Most Signals Green For Auto Insurers

Worsening severity trends the only flashing yellow on road to continued profits

Private passenger auto insurers--the beneficiaries of favorable frequency trends--say their efforts to price business more accurately with sophisticated models have also helped to push industry loss ratios down nearly 13 points in the last three years.

And while premium growth is slowing, experts say the flavor of competition is different this time around, predicting that profits will remain in the line for awhile.
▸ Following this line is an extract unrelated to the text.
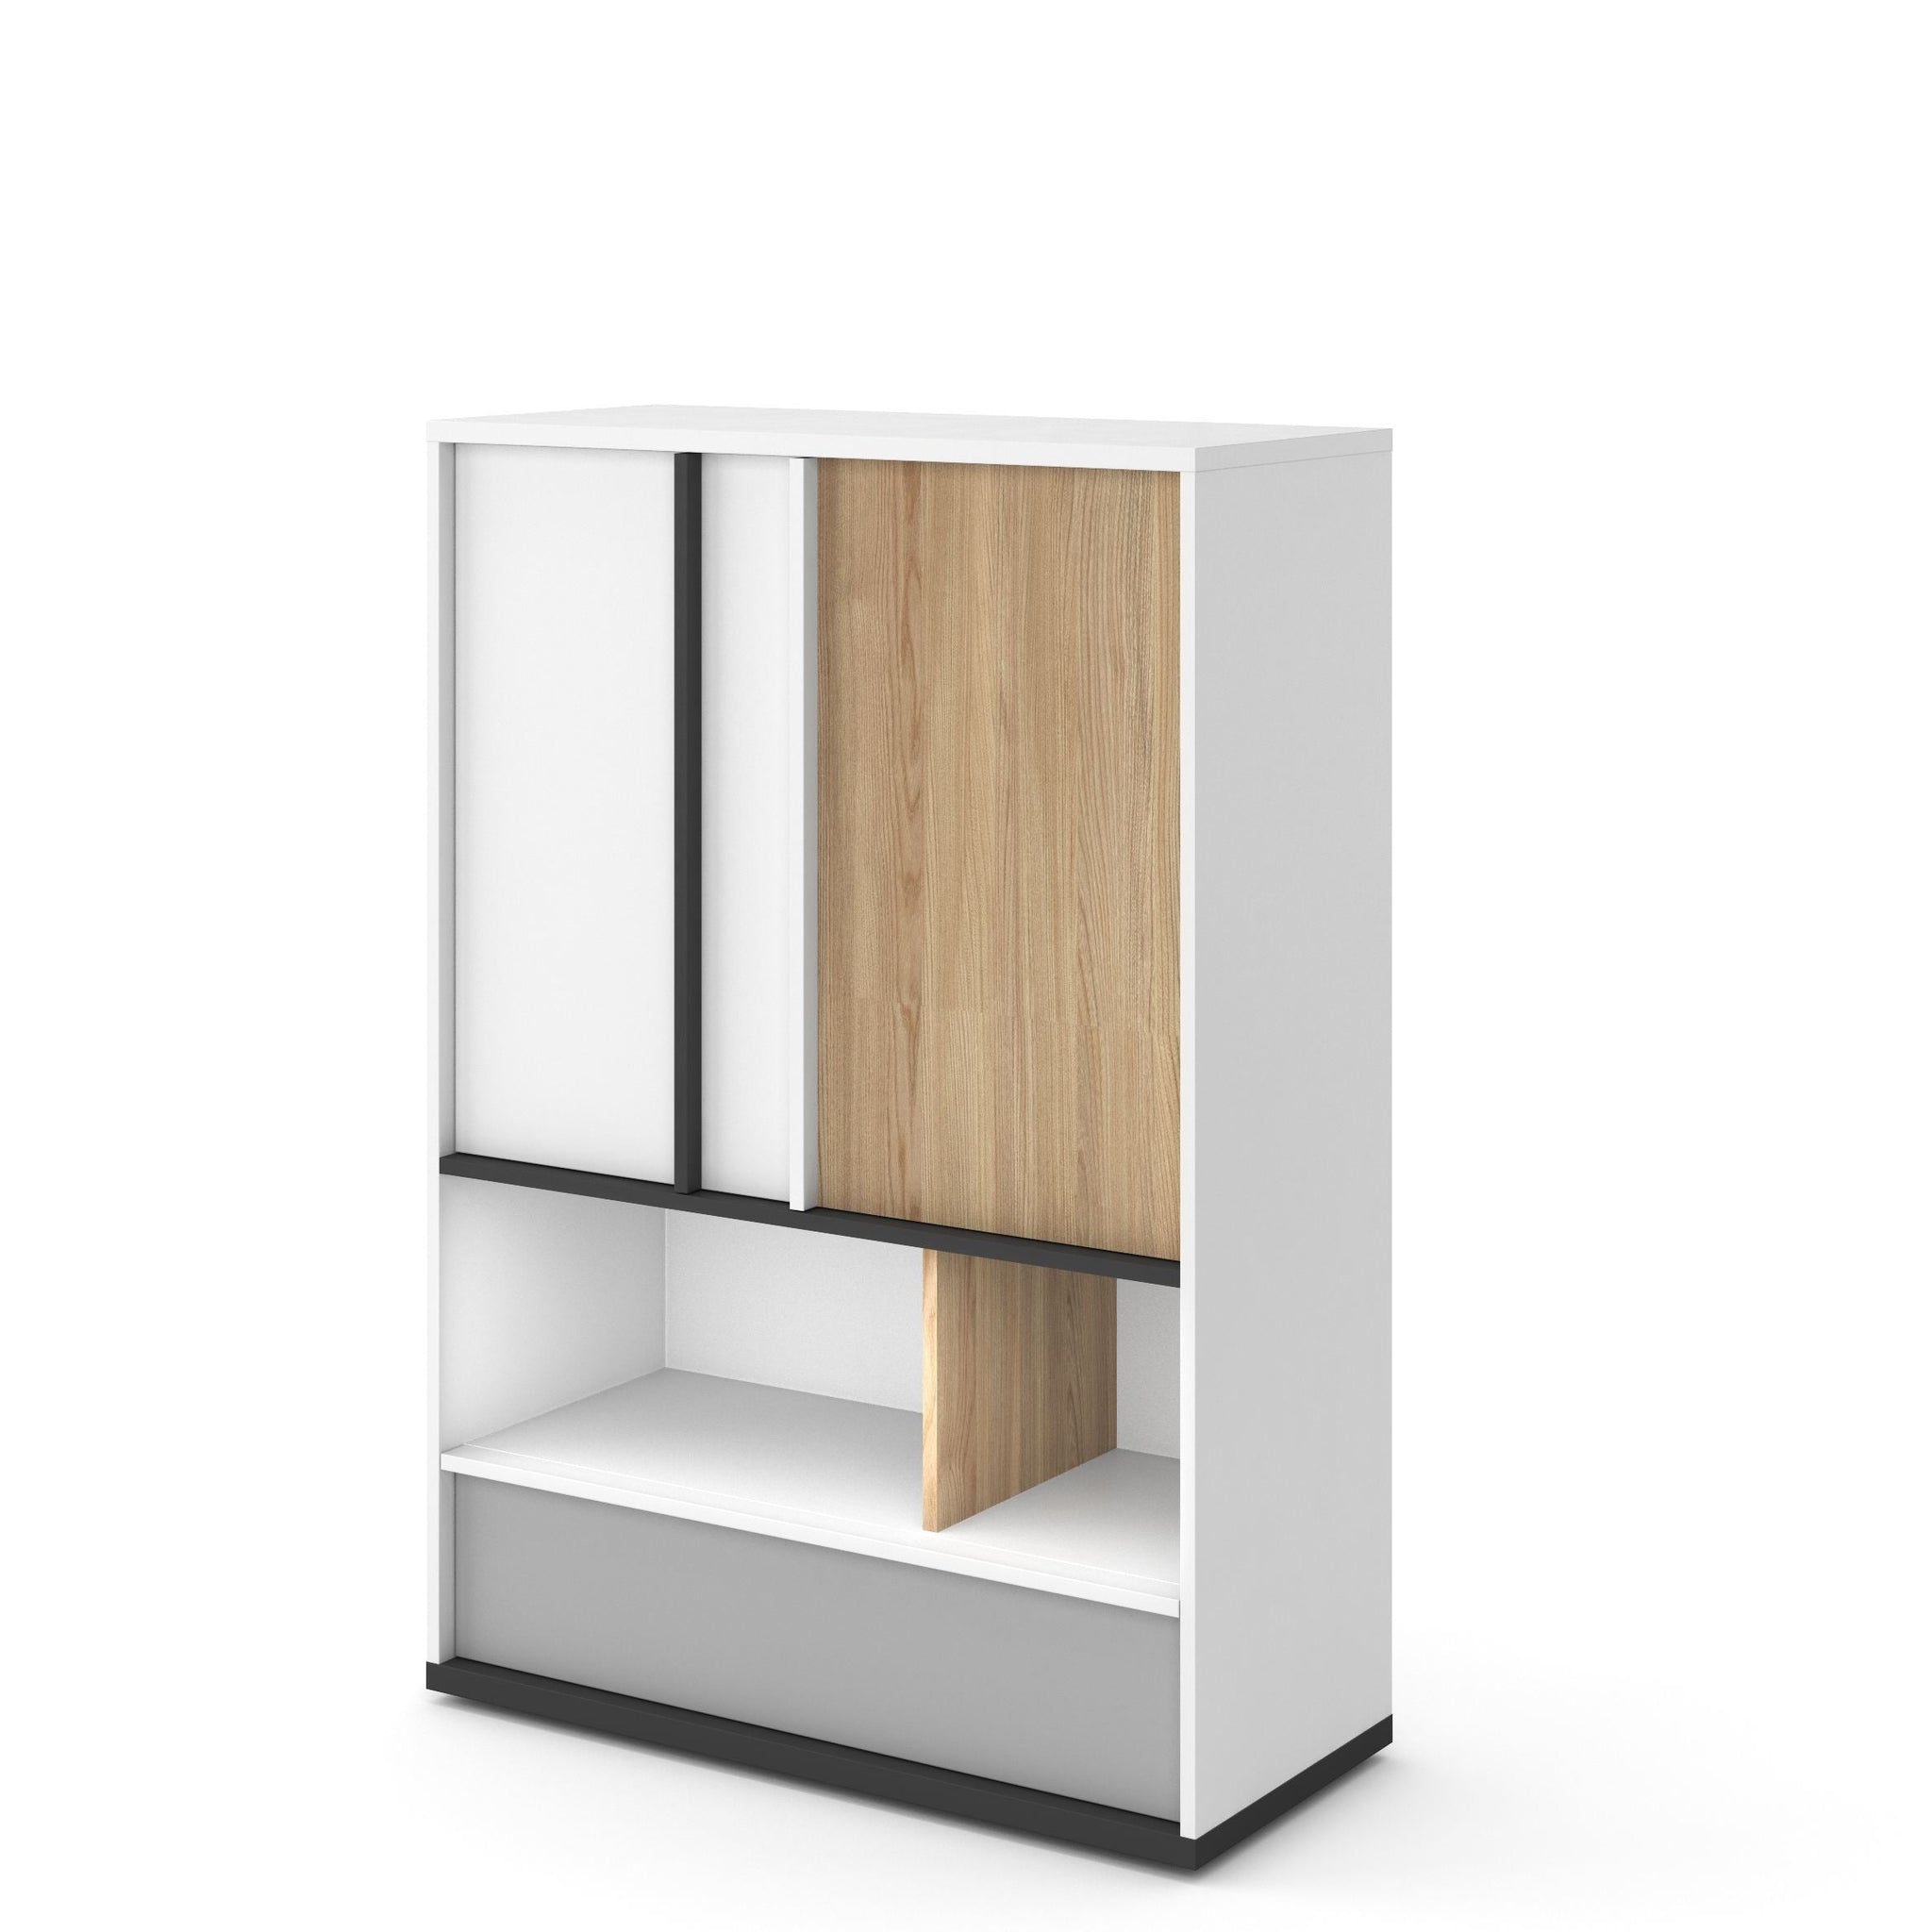 Imola IM-05 Sideboard Cabinet - £180.0 - Kids Sideboard Cabinet

For the industry, the overall net private passenger auto insurance loss ratio was 58.0 in 2004, down from a high of nearly 71 in both 2000 and 2001. The individual components of the line--liability and physical damage--showed similar improvements. (See bar chart, page 21).

For the top 25 insurers (ranked by direct written private passenger premium volume in 2004), only one--Zurich Insurance--reported worse overall direct and net (of reinsurance) private passenger loss ratios in 2004 than in 2003. And every single one of the top 25 insurers reported better combined ratios in 2004, with more than half posting combined ratios of 95 or less.

Across the industry, the aggregate net combined ratio--which reached a high of 111.4 in 2000 during the six-year period analyzed by NU--fell under 100 for the first time in 2003 (coming in at 98.6), and dropped another 4.5 points to 94.1 in 2004.

While the 13-point loss ratio drop since 2000 drove most of the combined ratio improvement, the loss adjustment expense ratio also improved by one point. In 2004, the ratio of LAE to net earned premiums for private passenger auto was just over 12, compared to 13 in 2000 and 2001.

While there is a two-part explanation for the lower loss ratios in recent years--higher prices and lower loss levels--the meaningful improvement in loss trends has been the focus of analysts and market participants. As illustrated on the graph on page 21, industrywide direct losses for personal auto, which grew 11 percent in 2000 and 9 percent in 2001, began to flatten in 2002--growing only 1 percent in that year. The low-growth trend continued in 2003, and actually reversed in 2004, with losses falling 2 percent compared to 2003.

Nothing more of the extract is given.